Snowpark ML FileSystem and FileSet — Deprecated

The Snowpark ML library includes FileSystem, an abstraction that is similar to a file system for an internal, server-side encrypted Snowflake stage. Specifically, it is an fsspec AbstractFileSystem implementation. The library also includes FileSet, a related class that allows you to move machine learning data from a Snowflake table to the stage, and from there to feed the data to PyTorch or TensorFlow (see Snowpark ML Data Connector).

Tip

Most users should use the newer Dataset API for creating immutable, governed data snapshots in Snowflake and using them in end-to-end machine learning workflows.

Installation

The FileSystem and FileSet APIs are part of the Snowpark ML Python package, snowflake-ml-python. See Using Snowflake ML Locally for installation instructions.
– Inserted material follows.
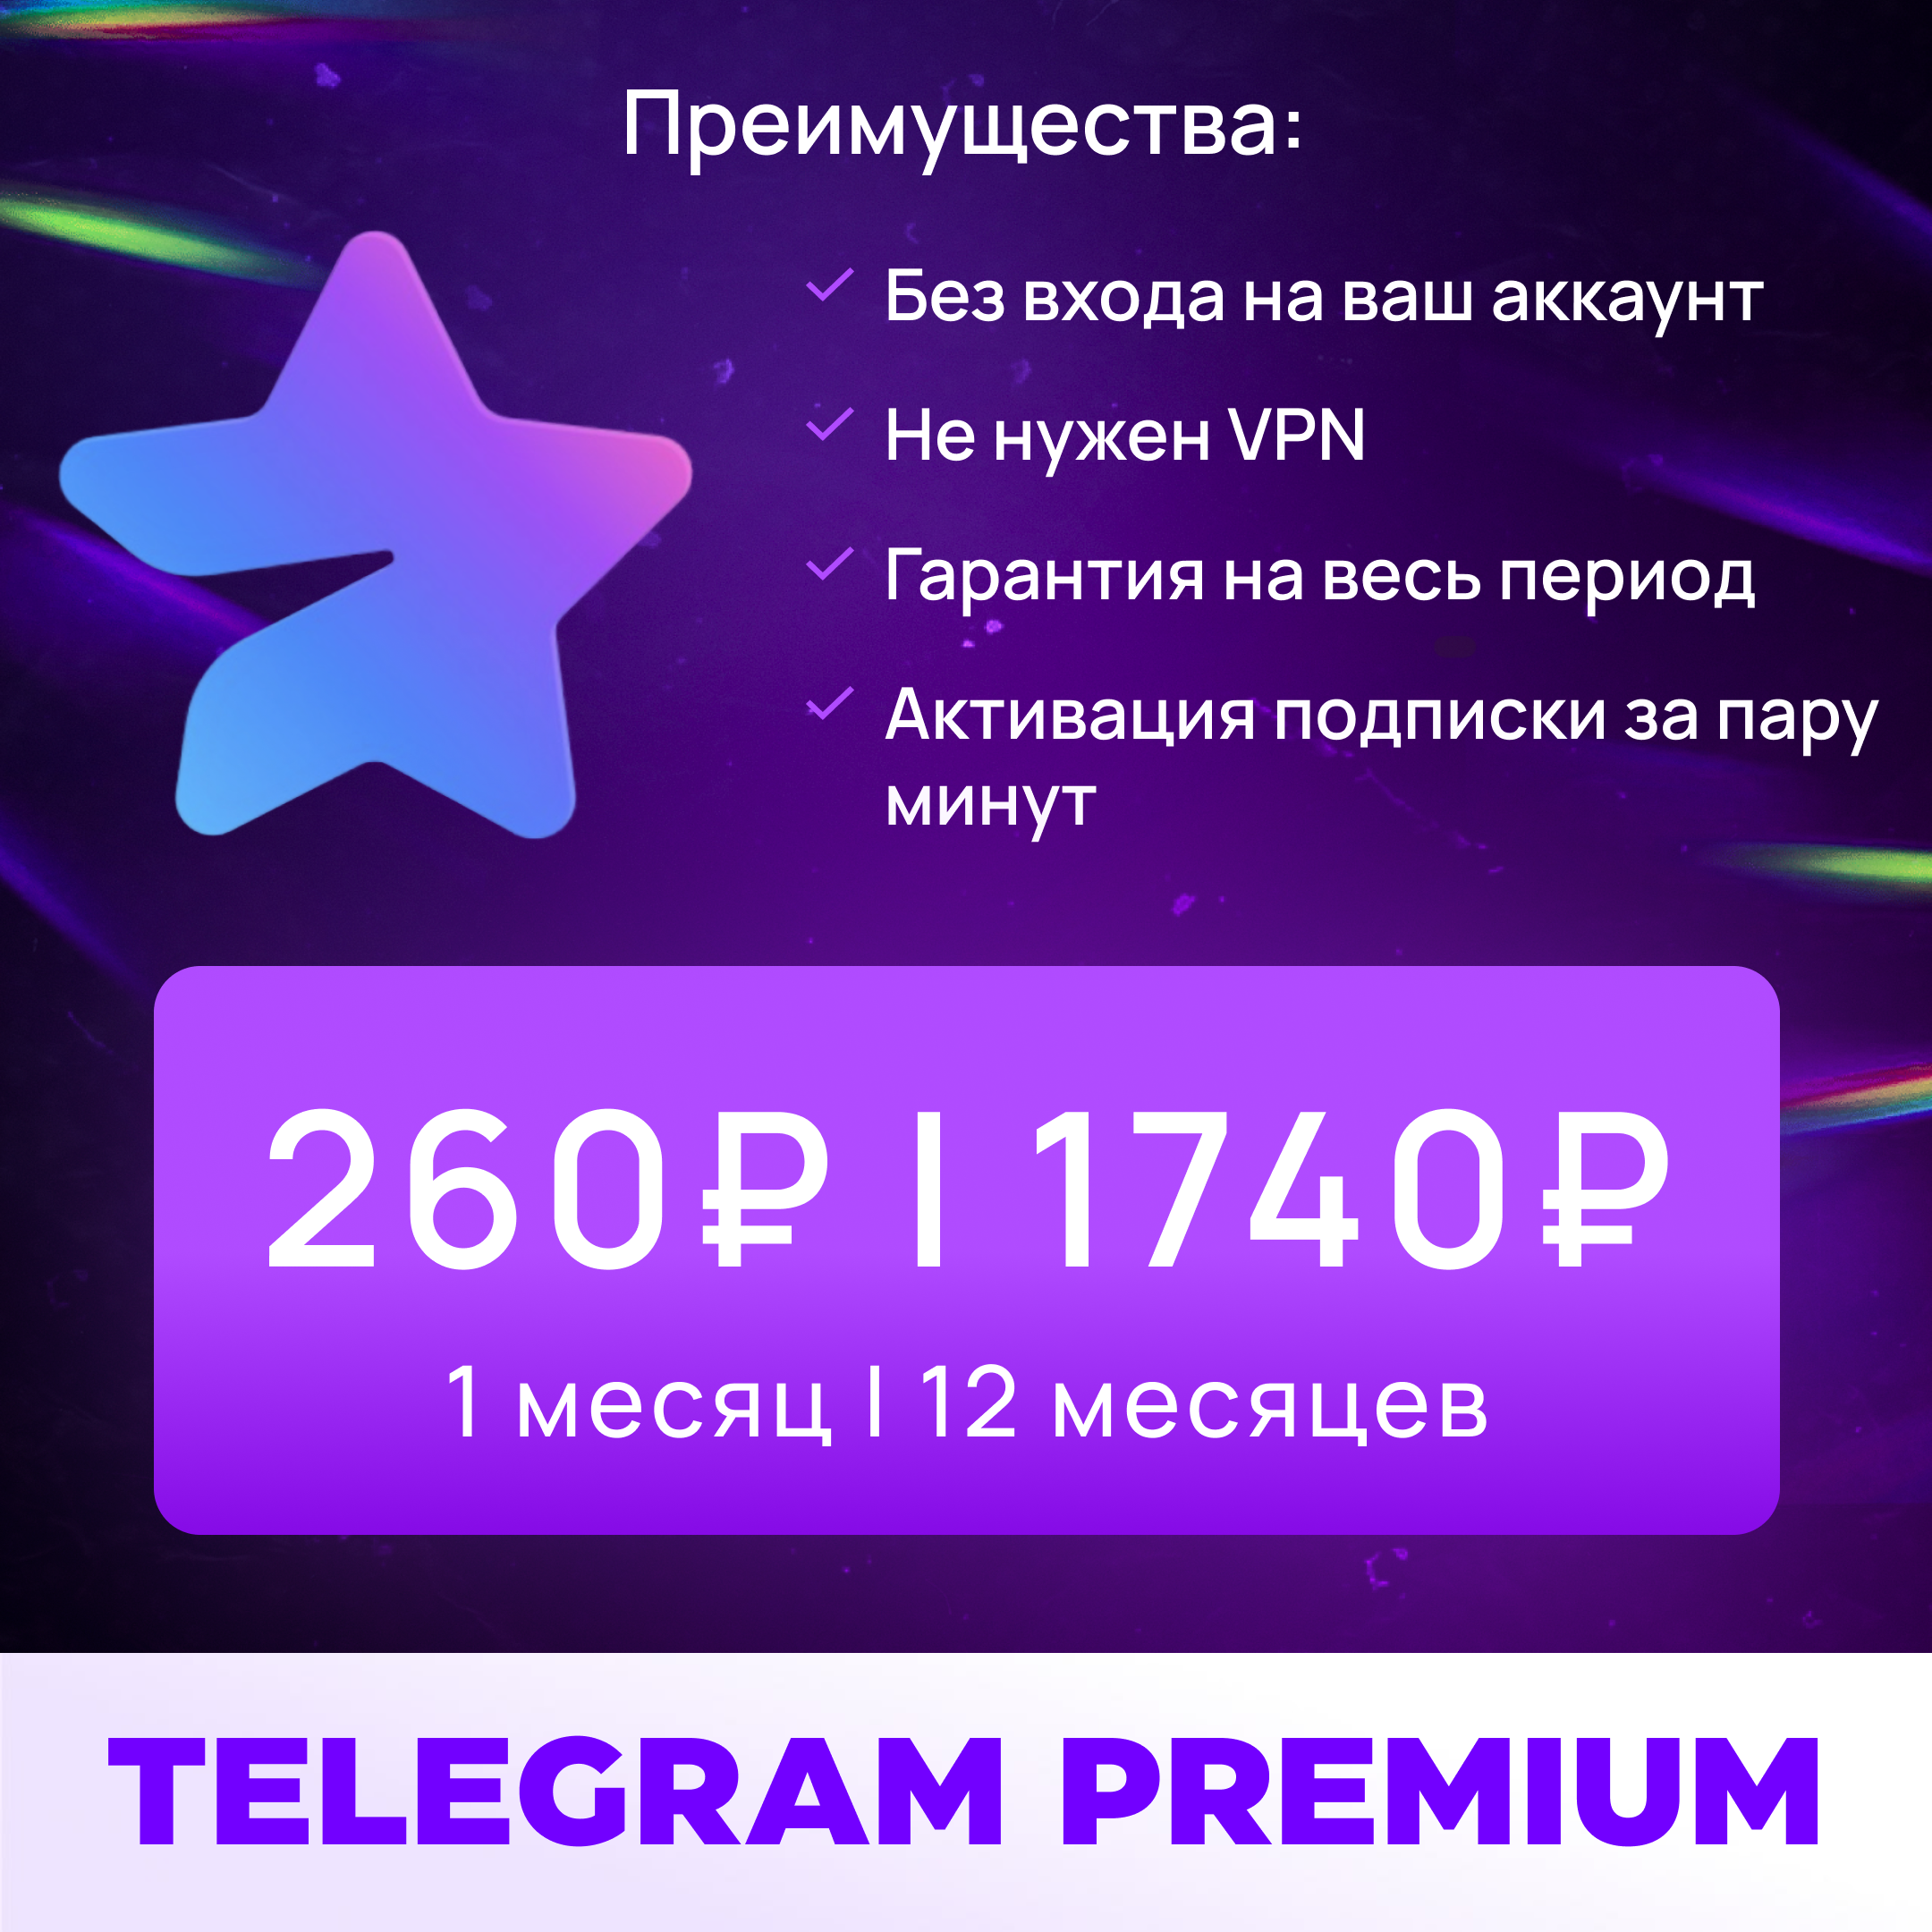 Премиум телеграмм бесплатно получить на андроид последняя версия фото 98

Creating and Using a File System

Creating a Snowpark ML file system requires either a Snowflake Connector for Python Connection object or a Snowpark Python Session. See Connecting to Snowflake for instructions.

After you have either a connection or a session, you can create a Snowpark ML SFFileSystem instance through which you can access data in your internal stage.

If you have a Snowflake Connector for Python connection, pass it as the sf_connection argument:

import fsspec
from snowflake.ml.fileset import sfcfs

sf_fs1 = sfcfs.SFFileSystem(sf_connection=sf_connection)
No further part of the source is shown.